=== Description of the task ===
Copy out exactly the lines below that run from the one holding "Gutermann Sew All Thread 110yd English." to the one holding "Туалеты души. Гигиенический", keeping both of those lines and no others.

=== Supplied records ===
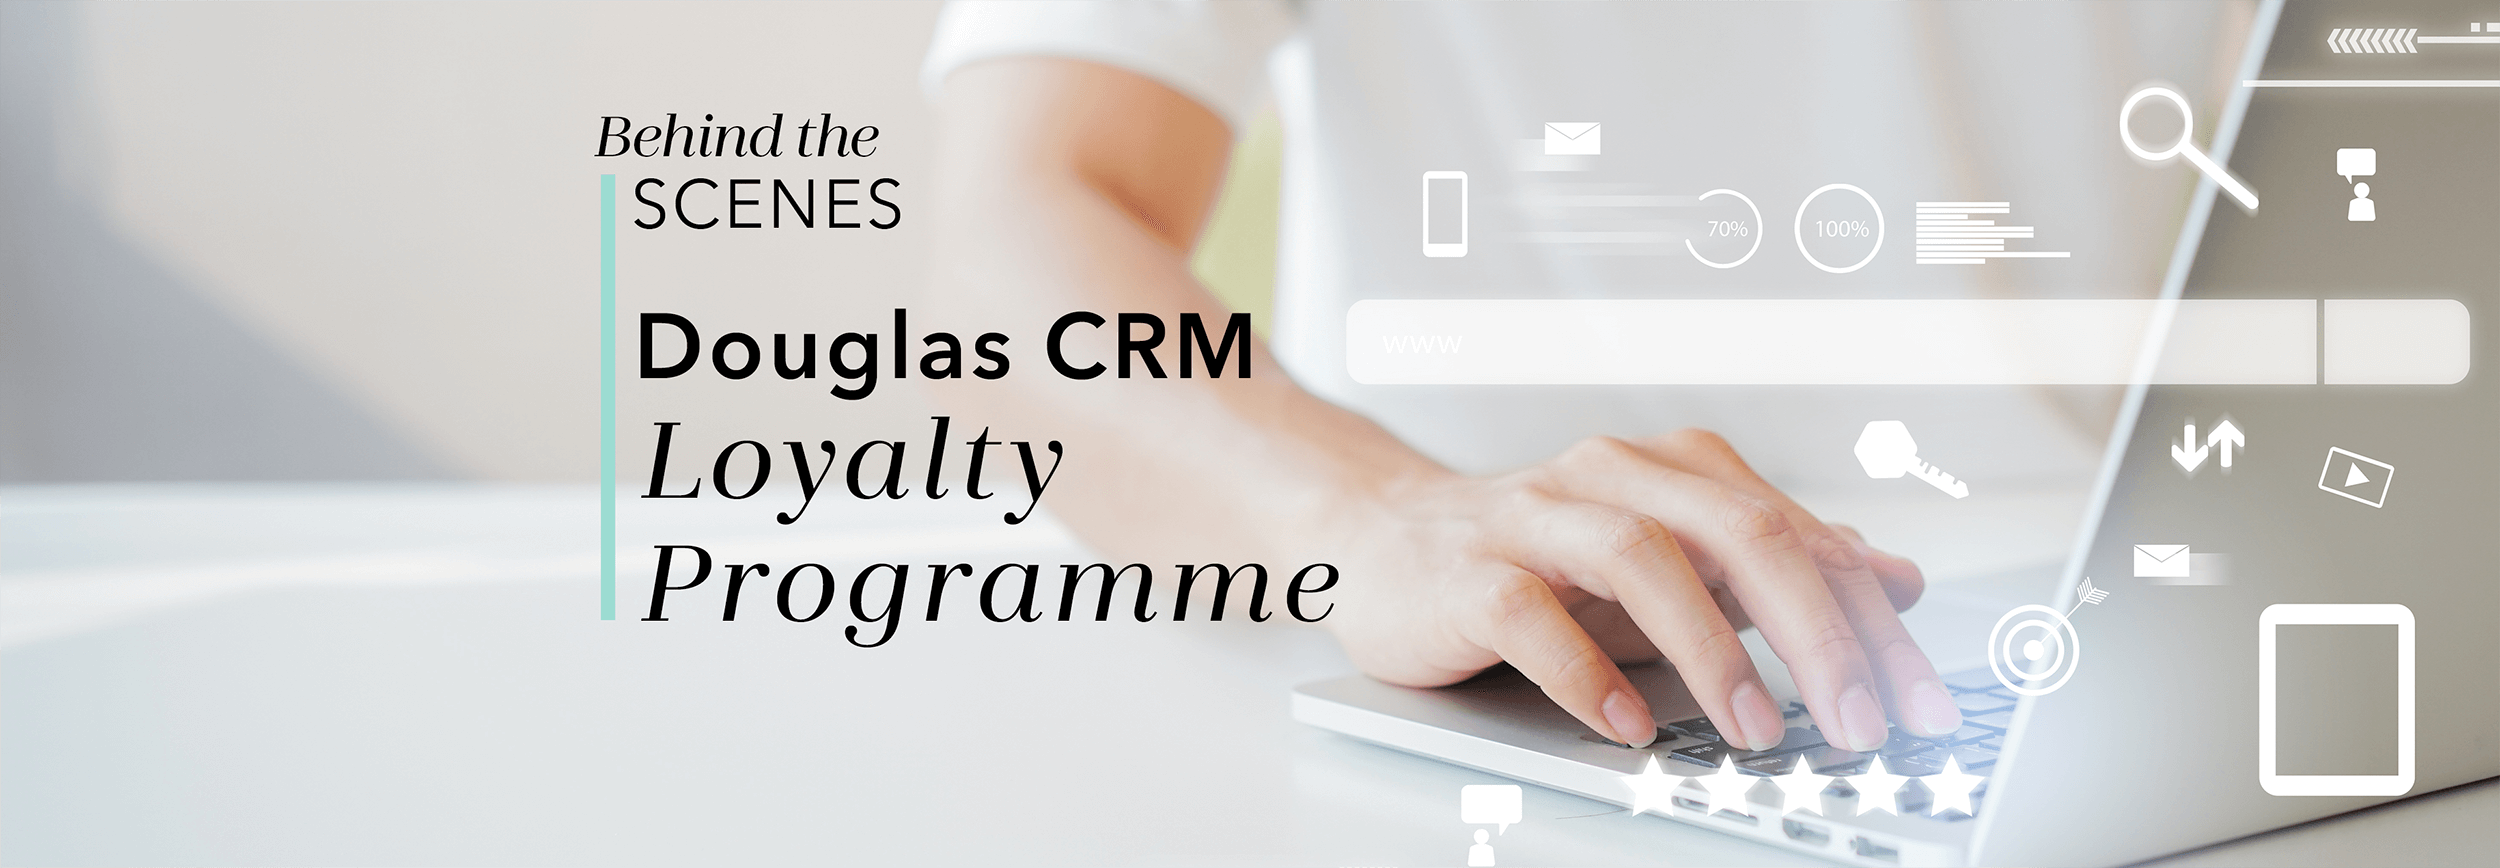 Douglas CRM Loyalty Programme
---
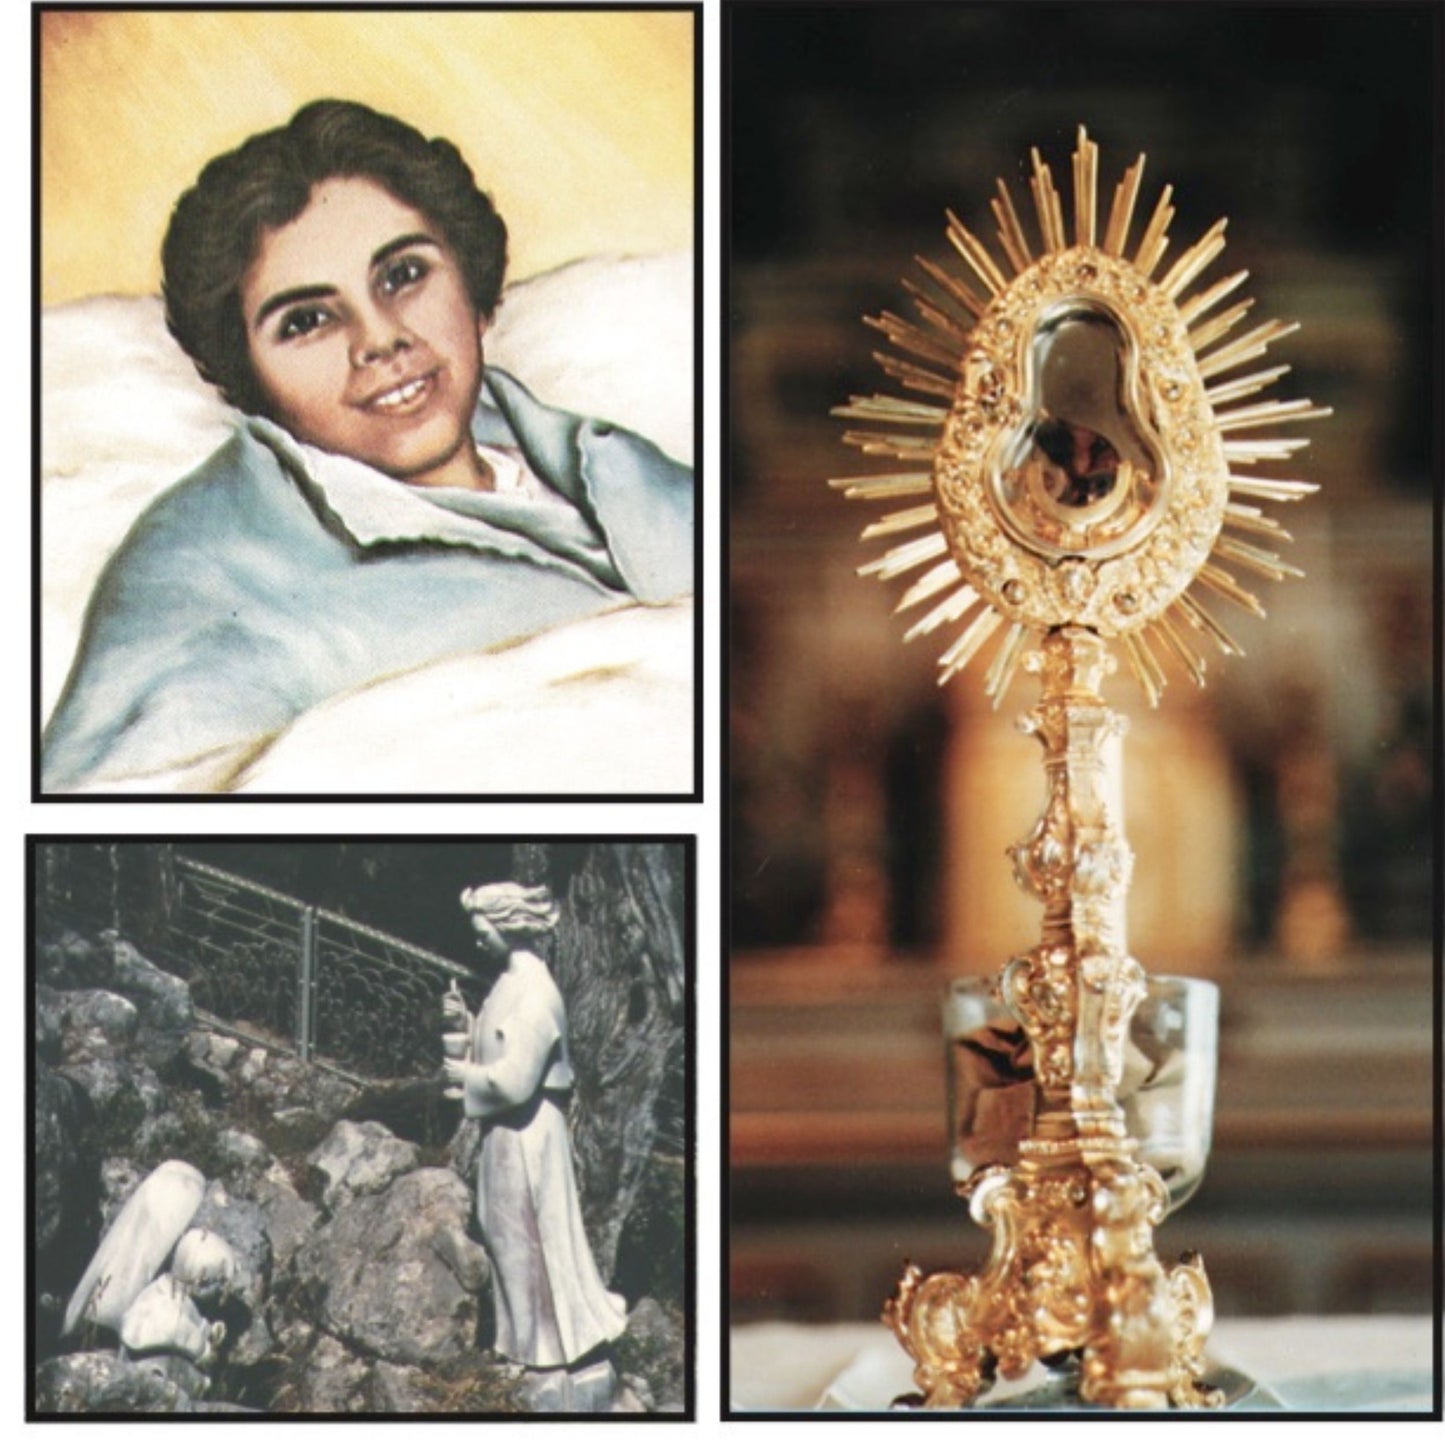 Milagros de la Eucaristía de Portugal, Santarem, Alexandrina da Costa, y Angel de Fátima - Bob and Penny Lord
==
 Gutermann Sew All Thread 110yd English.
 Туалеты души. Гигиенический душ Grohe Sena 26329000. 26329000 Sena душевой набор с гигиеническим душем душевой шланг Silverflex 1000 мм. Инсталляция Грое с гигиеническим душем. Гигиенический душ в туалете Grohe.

=== Exercise answer ===
 Gutermann Sew All Thread 110yd English.
 Туалеты души. Гигиенический душ Grohe Sena 26329000. 26329000 Sena душевой набор с гигиеническим душем душевой шланг Silverflex 1000 мм. Инсталляция Грое с гигиеническим душем. Гигиенический душ в туалете Grohe.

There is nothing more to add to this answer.